PSBigBig

Posted on Aug 28

Day 7 — FAISS empty vectors, metric mismatch, and recall collapse (ProblemMap No.8)

#rag #vectordatabase #programming #ai

tl;dr

Ingestion success does not prove retrieval health. If your neighbors look the same for unrelated queries, check for zero vectors and NaNs, confirm metric policy matches the index, rebuild from clean embeddings, and smoke test with neighbor overlap and recall.

why recall dies even though ingestion looks fine

Start with root causes. Fixes are easier when the failure mode is named.

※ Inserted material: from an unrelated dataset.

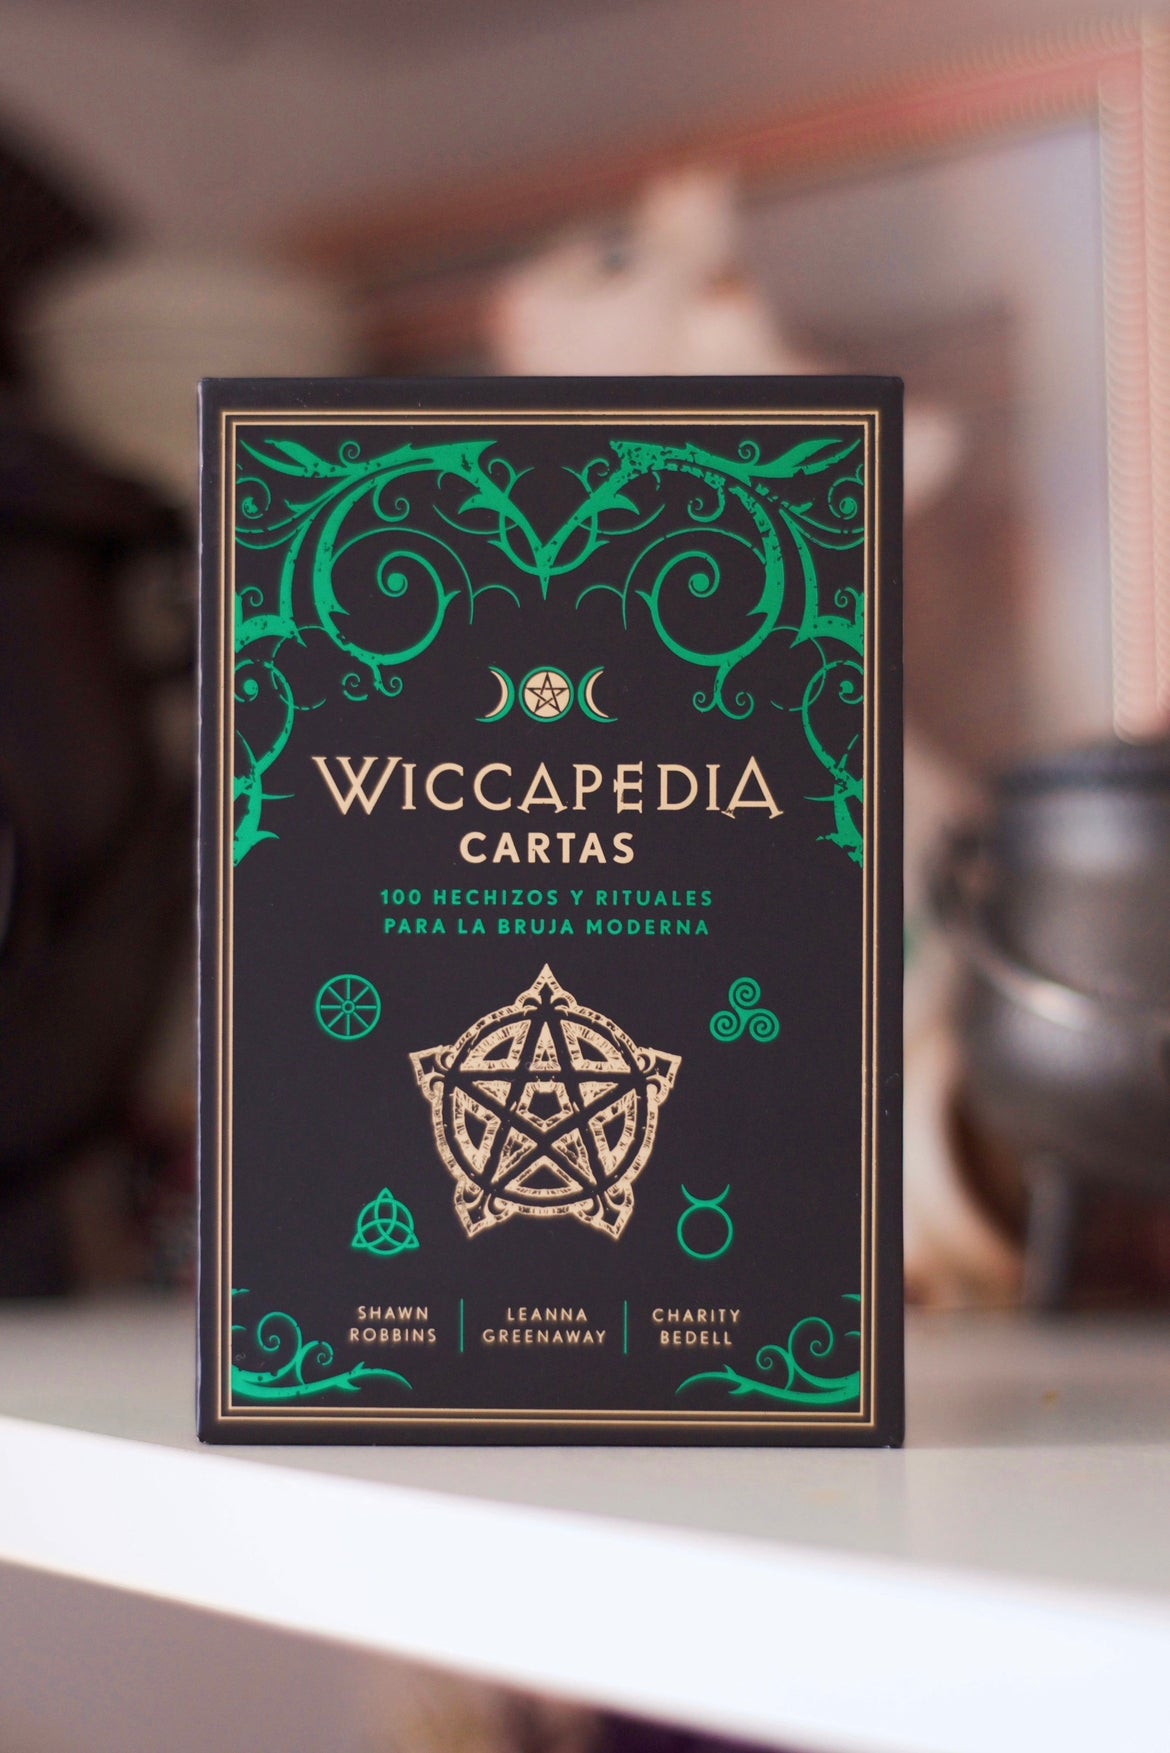 Wiccapedia cartas

Zero vectors inserted Empty spans or batch bugs produced all zeros. FAISS accepts them and your index looks valid.
Metric mismatch Embeddings assumed cosine but the index used L2, or the reverse. Distances no longer reflect meaning.
Normalization drift Query side normalized, corpus side not. Or some shards normalized and others not.
Dimension or dtype errors Wrong d when saving or loading silently truncated vectors. Device or dtype cast wrote zeros to disk.
Codebook reuse IVF or PQ codebooks reused after whitening or a model swap. Geometry changed but centroids did not.
ID collisions and silent overwrite You overwrote rows while keeping index.ntotal correct.
Boot order You trained IVF before dedup or before boilerplate masking, then you re embedded later.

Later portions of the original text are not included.